> Assignment:
This exercise calls for retyping every line below exactly, with the images omitted.

(Collected data)

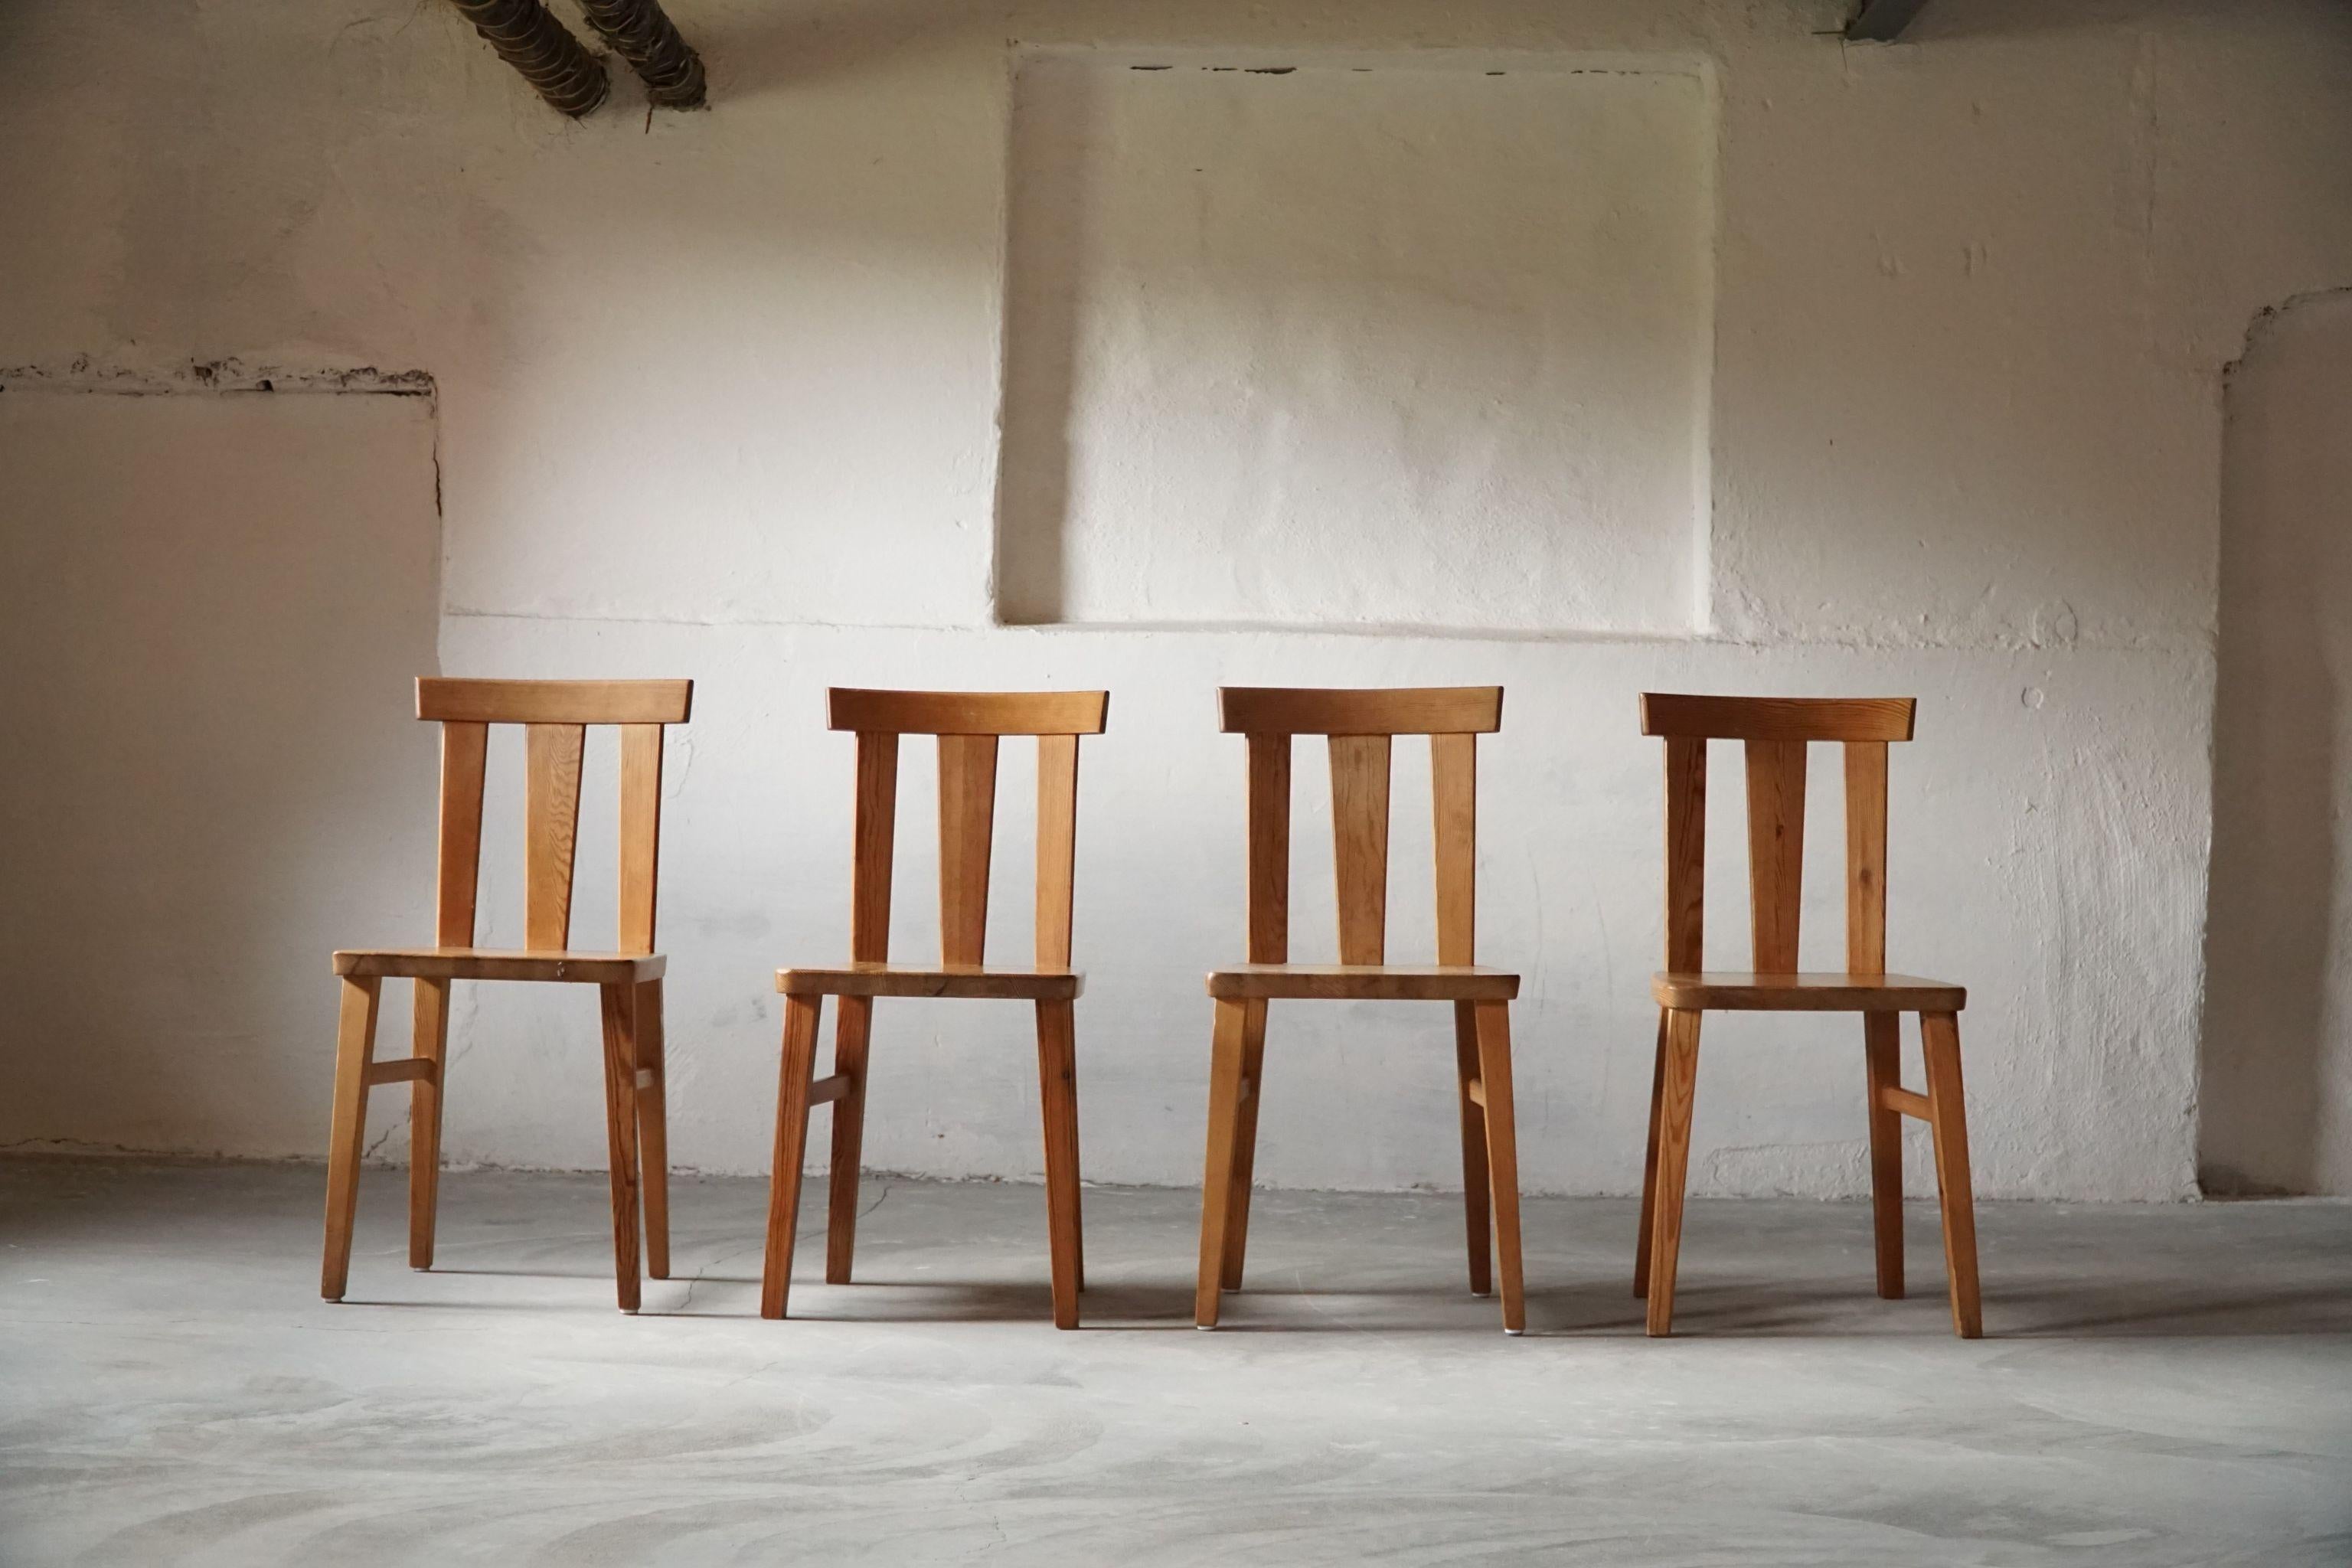 Hand-Crafted Set of 4 Swedish Modern Chairs in Solid Pine, Axel Einar Hjorth Style, 1930s
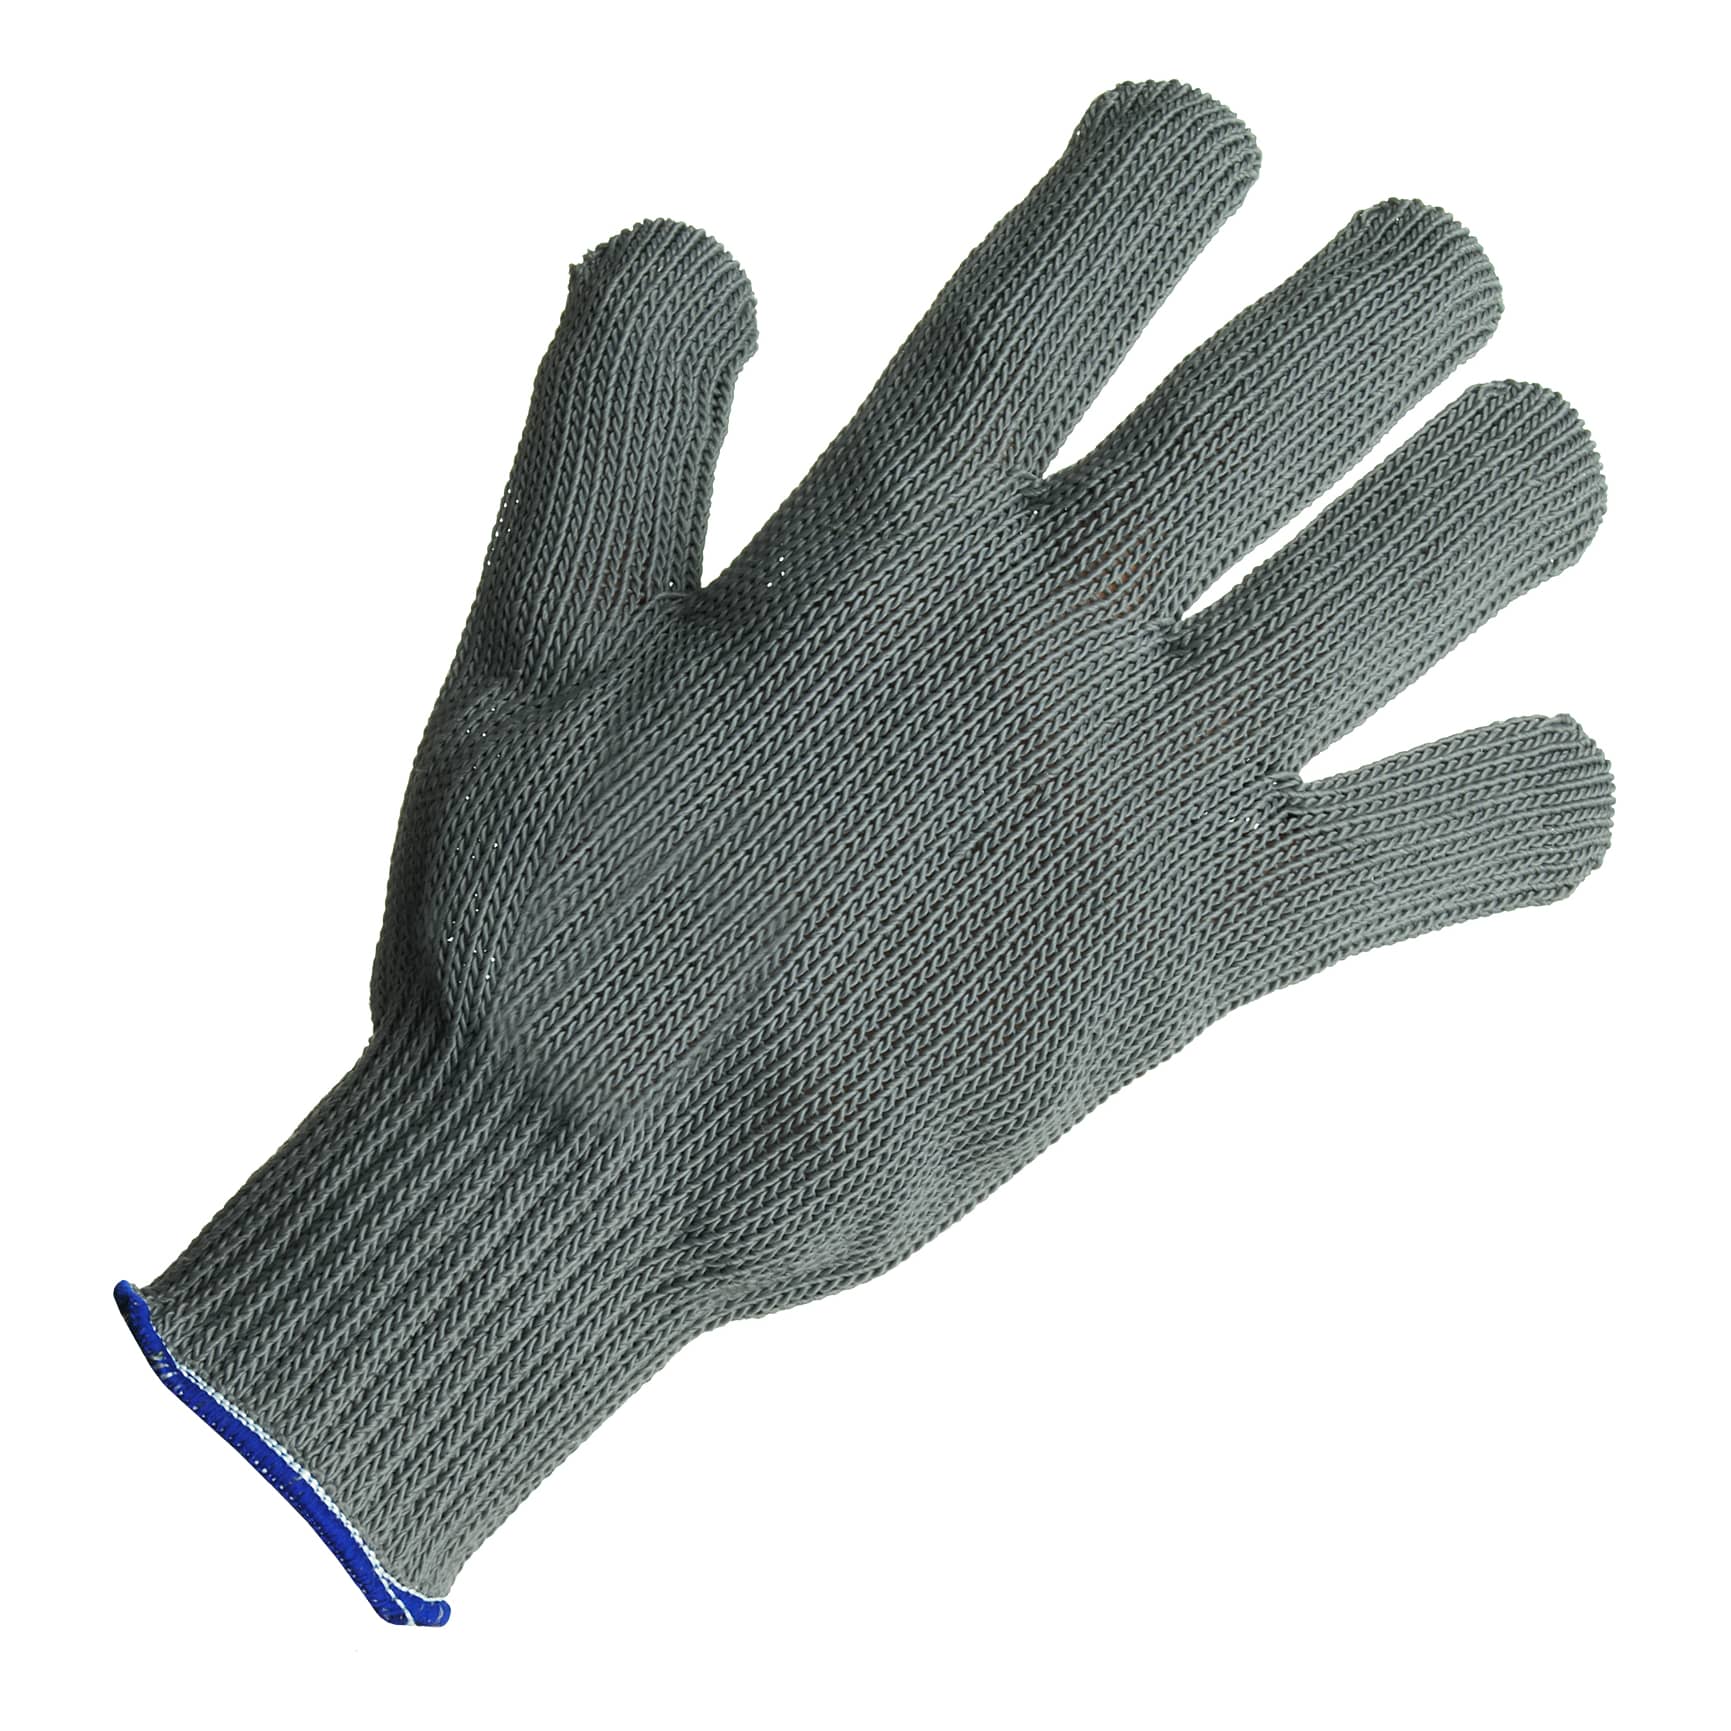 Cuda Offshore Gloves, Extra Large
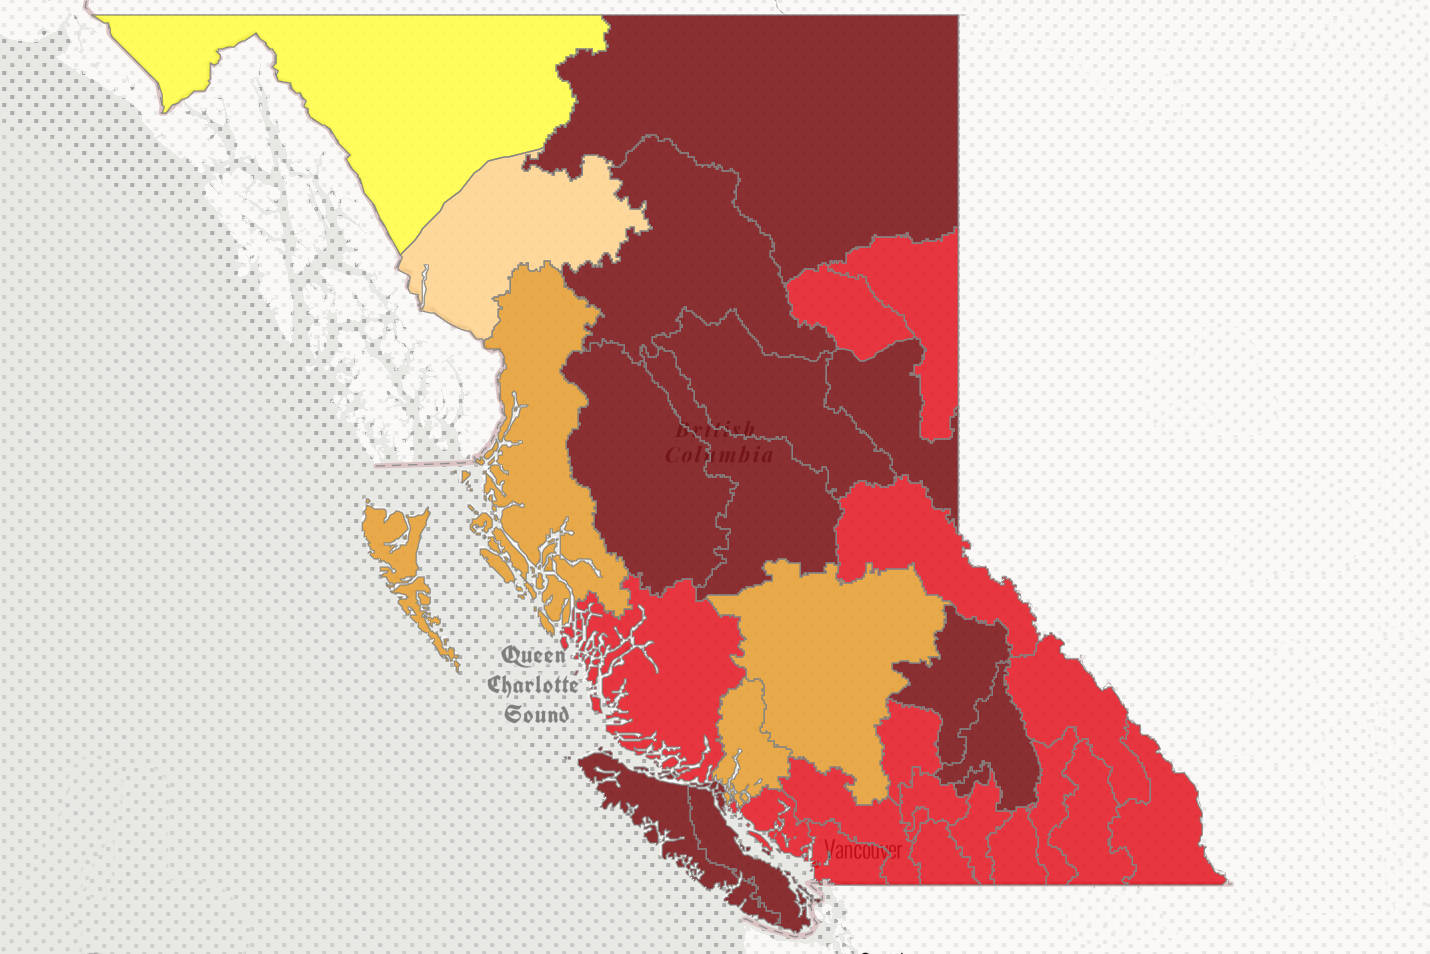 The red areas on the map from Aug. 3 show Drought Level 4 conditions, while the dark red areas show Drought Level 5. (Government of BC)

(End Collected data)

> Problem solution:
 Hand-Crafted Set of 4 Swedish Modern Chairs in Solid Pine, Axel Einar Hjorth Style, 1930s
 Cuda Offshore Gloves, Extra Large
 The red areas on the map from Aug. 3 show Drought Level 4 conditions, while the dark red areas show Drought Level 5. (Government of BC)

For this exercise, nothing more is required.